== DATA PROVIDED ==

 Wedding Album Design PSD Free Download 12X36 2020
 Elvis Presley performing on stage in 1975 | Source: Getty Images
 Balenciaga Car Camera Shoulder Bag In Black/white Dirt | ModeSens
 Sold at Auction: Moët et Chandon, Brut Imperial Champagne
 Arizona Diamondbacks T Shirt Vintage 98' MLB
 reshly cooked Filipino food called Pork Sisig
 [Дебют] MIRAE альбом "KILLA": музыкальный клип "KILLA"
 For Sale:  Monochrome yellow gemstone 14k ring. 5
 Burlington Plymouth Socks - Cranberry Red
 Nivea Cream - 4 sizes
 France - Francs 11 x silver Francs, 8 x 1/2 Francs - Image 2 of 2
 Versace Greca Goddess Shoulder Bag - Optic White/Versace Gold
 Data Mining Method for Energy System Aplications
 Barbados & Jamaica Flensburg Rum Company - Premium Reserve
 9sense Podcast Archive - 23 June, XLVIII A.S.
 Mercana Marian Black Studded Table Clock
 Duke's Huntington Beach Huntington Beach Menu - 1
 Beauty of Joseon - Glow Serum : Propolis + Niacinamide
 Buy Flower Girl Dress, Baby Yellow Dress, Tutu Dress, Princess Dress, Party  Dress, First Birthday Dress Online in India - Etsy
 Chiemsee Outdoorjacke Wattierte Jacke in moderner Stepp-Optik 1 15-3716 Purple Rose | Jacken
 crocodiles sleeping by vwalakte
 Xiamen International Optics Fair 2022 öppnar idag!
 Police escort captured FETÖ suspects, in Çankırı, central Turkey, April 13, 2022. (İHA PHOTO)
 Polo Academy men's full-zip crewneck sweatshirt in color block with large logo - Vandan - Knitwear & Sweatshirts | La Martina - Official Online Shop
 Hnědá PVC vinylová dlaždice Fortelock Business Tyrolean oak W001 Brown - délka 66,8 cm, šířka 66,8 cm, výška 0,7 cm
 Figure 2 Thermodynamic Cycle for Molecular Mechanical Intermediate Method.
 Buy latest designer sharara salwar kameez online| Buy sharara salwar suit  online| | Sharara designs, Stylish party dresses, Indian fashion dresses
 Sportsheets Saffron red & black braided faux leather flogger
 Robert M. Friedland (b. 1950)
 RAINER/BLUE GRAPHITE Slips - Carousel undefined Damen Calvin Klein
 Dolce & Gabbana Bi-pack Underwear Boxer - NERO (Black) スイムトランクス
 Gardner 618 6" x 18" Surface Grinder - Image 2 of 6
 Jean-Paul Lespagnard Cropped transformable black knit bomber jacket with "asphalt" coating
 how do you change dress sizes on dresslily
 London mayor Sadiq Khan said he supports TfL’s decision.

===

Each line, beginning at the one that contains "Dolce & Gabbana" and continuing through the end of the records, must be written out exactly, first and last included.

WORKED SOLUTION:
 Dolce & Gabbana Bi-pack Underwear Boxer - NERO (Black) スイムトランクス
 Gardner 618 6" x 18" Surface Grinder - Image 2 of 6
 Jean-Paul Lespagnard Cropped transformable black knit bomber jacket with "asphalt" coating
 how do you change dress sizes on dresslily
 London mayor Sadiq Khan said he supports TfL’s decision.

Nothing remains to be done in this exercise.